Name: streq implementation
Author: Rusty Russell
Status: Trivial
D: I can't believe that after all these years I still make the "sense
D: of strcmp" mistake. So it's time to reintroduce my favorite macro.
diff -urpN --exclude TAGS -X /home/rusty/devel/kernel/kernel-patches/current-dontdiff --minimal linux-2.5.38/include/linux/string.h working-2.5.38-streq/include/linux/string.h
--- linux-2.5.38/include/linux/string.h 2002-06-06 21:38:40.000000000 +1000
+++ working-2.5.38-streq/include/linux/string.h 2002-09-24 14:43:30.000000000 +1000
@@ -15,7 +15,7 @@ extern "C" {
extern char * strpbrk(const char *,const char *);
extern char * strsep(char **,const char *);
extern __kernel_size_t strspn(const char *,const char *);
-
+#define streq(a,b) (strcmp((a),(b)) == 0)
/*
* Include machine specific inline routines
--
Anyone who quotes me in their sig is an idiot. -- Rusty Russell.

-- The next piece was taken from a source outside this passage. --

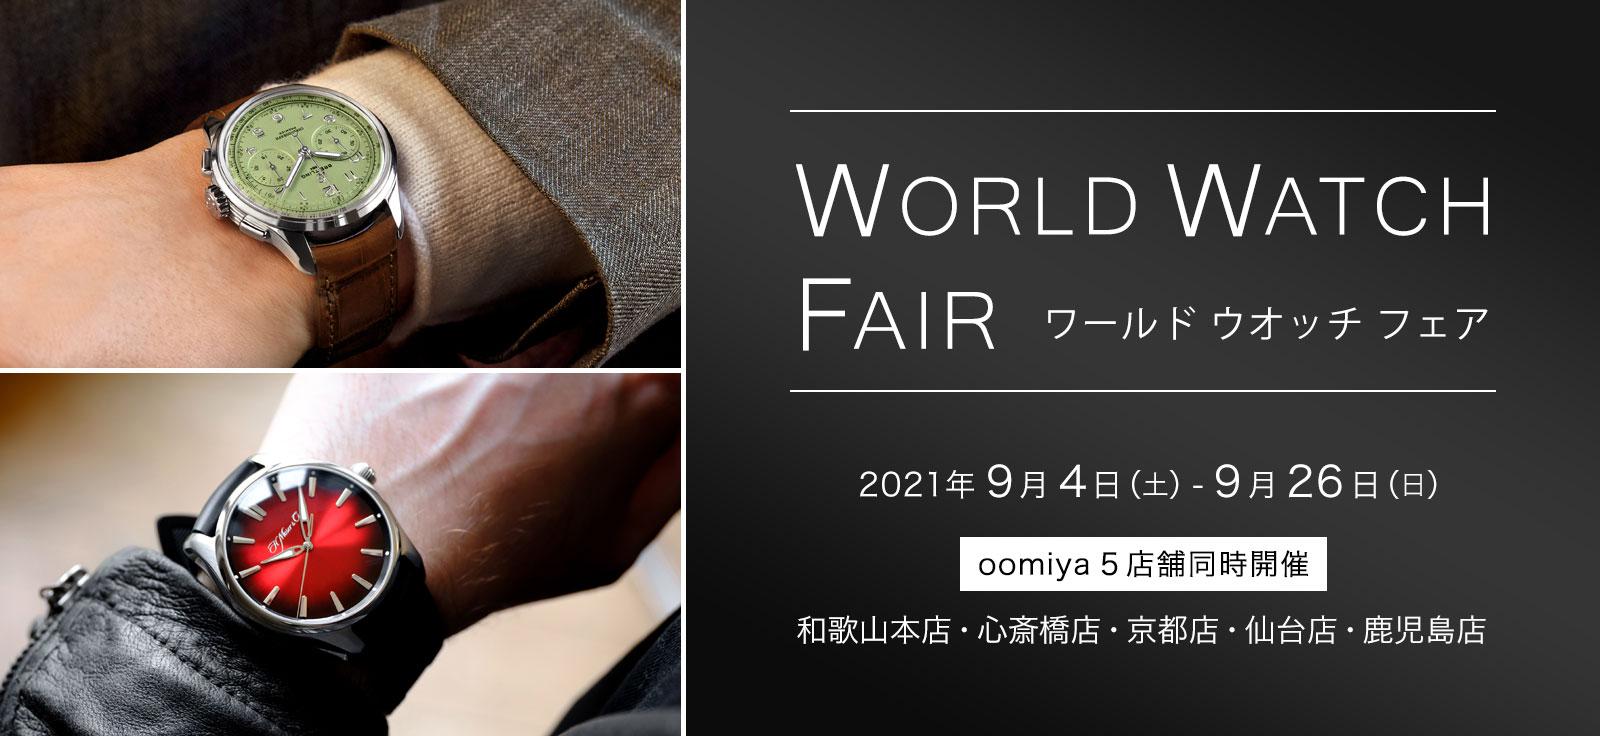 ワールドウォッチフェア|oomiya 5店舗同時開催

On Tue, 24 Sep 2002, Rusty Russell wrote:
> Embarrassing, huh? But I just found a bug in my code cause by "if
> (strcmp(a,b))" instead of "if (!strcmp(a,b))".
there's a few more places that tend to cause wasted time, no matter what:
- list_add(elem, list) order of arguments. It can be mixed up easily, and
while i know all the consequences every few months i waste a few hours
on such a thing.
- kmalloc(size, flags)/gfp(order, flags) argument ordering. A few months
ago i wasted two days on such a bug - since 'size' was very small
usually, it never showed up that the allocated buffer was short, until
some rare load-test increased the 'size'.
we should do something about these. list_add() is hard, while we could
introduce a separate type for list heads, there are some valid uses of
non-head list_add(). But perhaps those could be separated out.
handling most of the gfp() mixups should be a bit easier, perhaps by
detecting invalid flags in the inline section, which is optimized away at
runtime in like 95% of the cases?
Ingo
In message <[email protected]> you
write:
> - kmalloc(size, flags)/gfp(order, flags) argument ordering. A few months
> ago i wasted two days on such a bug - since 'size' was very small
> usually, it never showed up that the allocated buffer was short, until
> some rare load-test increased the 'size'.
>
> we should do something about these. list_add() is hard, while we could
> introduce a separate type for list heads, there are some valid uses of
> non-head list_add(). But perhaps those could be separated out.
>
> handling most of the gfp() mixups should be a bit easier, perhaps by
> detecting invalid flags in the inline section, which is optimized away at
> runtime in like 95% of the cases?
I had a gcc patch which made enum typing strict for C
(-Wstrict-enums), which was designed for the GFP_xxx case and things
like it (you make them enums). It was against 2.95.2, RSN I should
update it, and (as Tridge suggested) make it an __attribute__.
For runtime checks (which are never as good) you could change the GFP_
defined to set the high bit.
Rusty.
--
Anyone who quotes me in their sig is an idiot. -- Rusty Russell.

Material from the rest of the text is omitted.